Department of Animal Science, Iowa State University, Ames, IA, USA.
Genet Sel Evol. 2010 Jun 11;42(1):21. doi: 10.1186/1297-9686-42-21.
Information for mapping of quantitative trait loci (QTL) comes from two sources: linkage disequilibrium (non-random association of allele states) and cosegregation (non-random association of allele origin). Information from LD can be captured by modeling conditional means and variances at the QTL given marker information. Similarly, information from cosegregation can be captured by modeling conditional covariances. Here, we consider a Bayesian model based on gene frequency (BGF) where both conditional means and variances are modeled as a function of the conditional gene frequencies at the QTL. The parameters in this model include these gene frequencies, additive effect of the QTL, its location, and the residual variance.
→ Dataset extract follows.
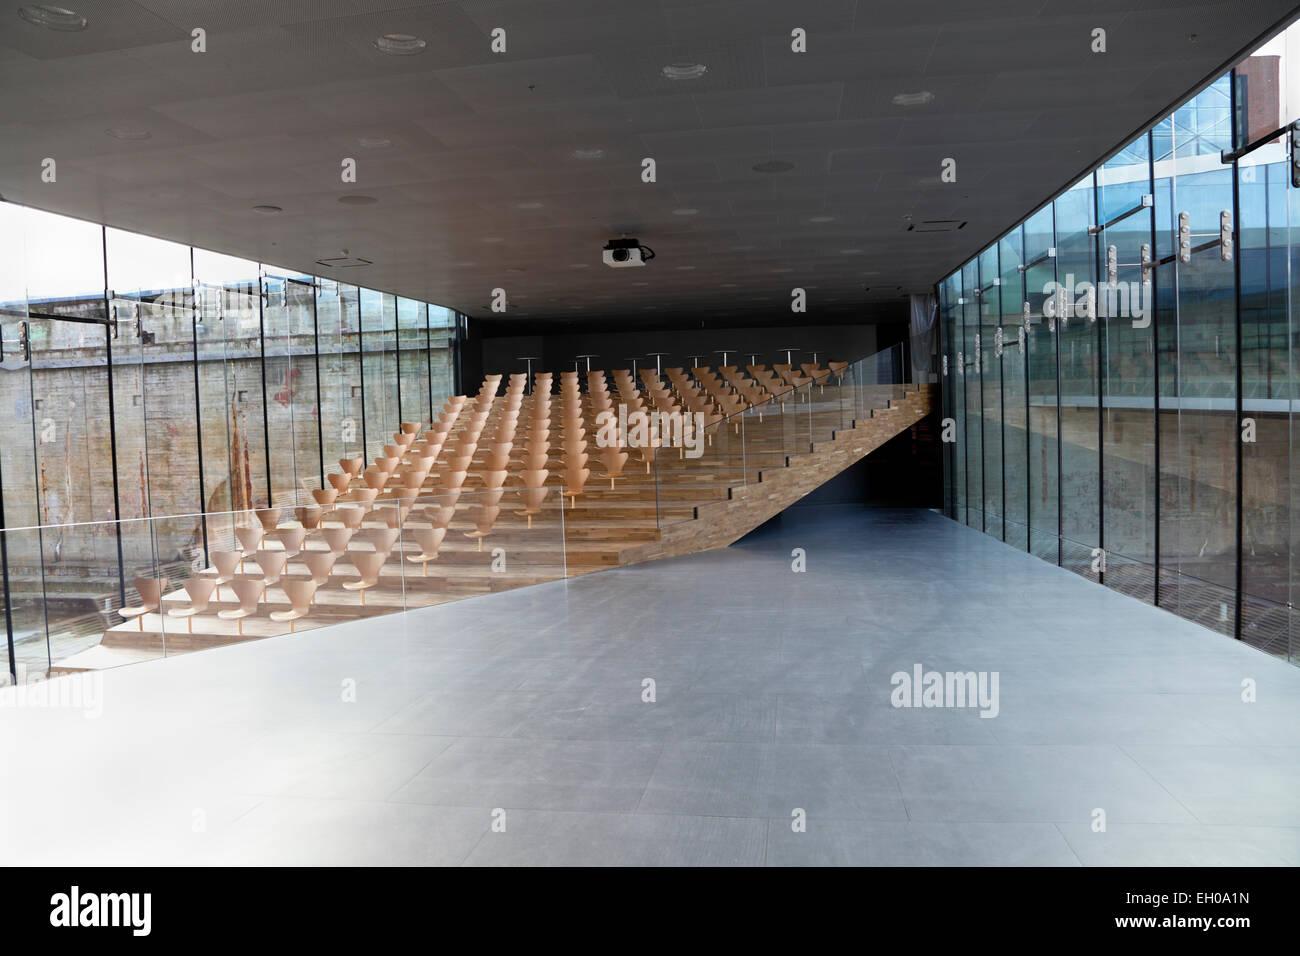 Lecture Theatre in the Maritime Museum of Denmark, M/S Museet for Søfart, Helsingør Denmark. Bjarke Ingels - Stock Image

Bayesian methodology was used to estimate these parameters. The priors used were: logit-normal for gene frequencies, normal for the additive effect, uniform for location, and inverse chi-square for the residual variance. Computer simulation was used to compare the power to detect and accuracy to map QTL by this method with those from least squares analysis using a regression model (LSR).
To simplify the analysis, data from unrelated individuals in a purebred population were simulated, where only LD information contributes to map the QTL. LD was simulated in a chromosomal segment of 1 cM with one QTL by random mating in a population of size 500 for 1000 generations and in a population of size 100 for 50 generations. The comparison was studied under a range of conditions, which included SNP density of 0.1, 0.05 or 0.02 cM, sample size of 500 or 1000, and phenotypic variance explained by QTL of 2 or 5%. Both 1 and 2-SNP models were considered. Power to detect the QTL for the BGF, ranged from 0.4 to 0.99, and close or equal to the power of the regression using least squares (LSR). Precision to map QTL position of BGF, quantified by the mean absolute error, ranged from 0.11 to 0.21 cM for BGF, and was better than the precision of LSR, which ranged from 0.12 to 0.25 cM.
In conclusion given a high SNP density, the gene frequency model can be used to map QTL with considerable accuracy even within a 1 cM region.
定量性状基因座(QTL)定位的信息来自两个来源:连锁不平衡(等位状态的非随机关联)和共分离(等位起源的非随机关联)。LD 信息可以通过在给定标记信息的情况下对 QTL 的条件均值和方差进行建模来捕获。同样,共分离信息可以通过对条件协方差进行建模来捕获。在这里,我们考虑了一种基于基因频率的贝叶斯模型(BGF),其中条件均值和方差都被建模为 QTL 条件基因频率的函数。该模型中的参数包括这些基因频率、QTL 的加性效应、位置和剩余方差。贝叶斯方法用于估计这些参数。使用的先验分布为:基因频率的对数正态分布、加性效应的正态分布、位置的均匀分布和剩余方差的逆卡方分布。计算机模拟用于比较使用基因频率模型(BGF)和最小二乘分析(LSR)的回归模型检测和定位 QTL 的能力。
为了简化分析,模拟了纯种群体中无关个体的数据,其中只有 LD 信息有助于定位 QTL。通过在大小为 500 的群体中进行 1000 代的随机交配,在大小为 100 的群体中进行 50 代的随机交配,在 1 cM 的染色体片段中模拟了 LD。在一系列条件下研究了比较,其中包括 0.1、0.05 或 0.02 cM 的 SNP 密度、500 或 1000 的样本量以及 QTL 解释的表型方差 2 或 5%。考虑了 1 和 2-SNP 模型。BGF 检测 QTL 的能力范围为 0.4 到 0.99,与使用最小二乘法(LSR)的回归能力接近或相等。BGF 定位 QTL 位置的精度,以平均绝对误差衡量,范围为 0.11 到 0.21 cM,优于 LSR 的精度,范围为 0.12 到 0.25 cM。
总之,在 SNP 密度较高的情况下,即使在 1 cM 区域内,基因频率模型也可以用于非常准确地定位 QTL。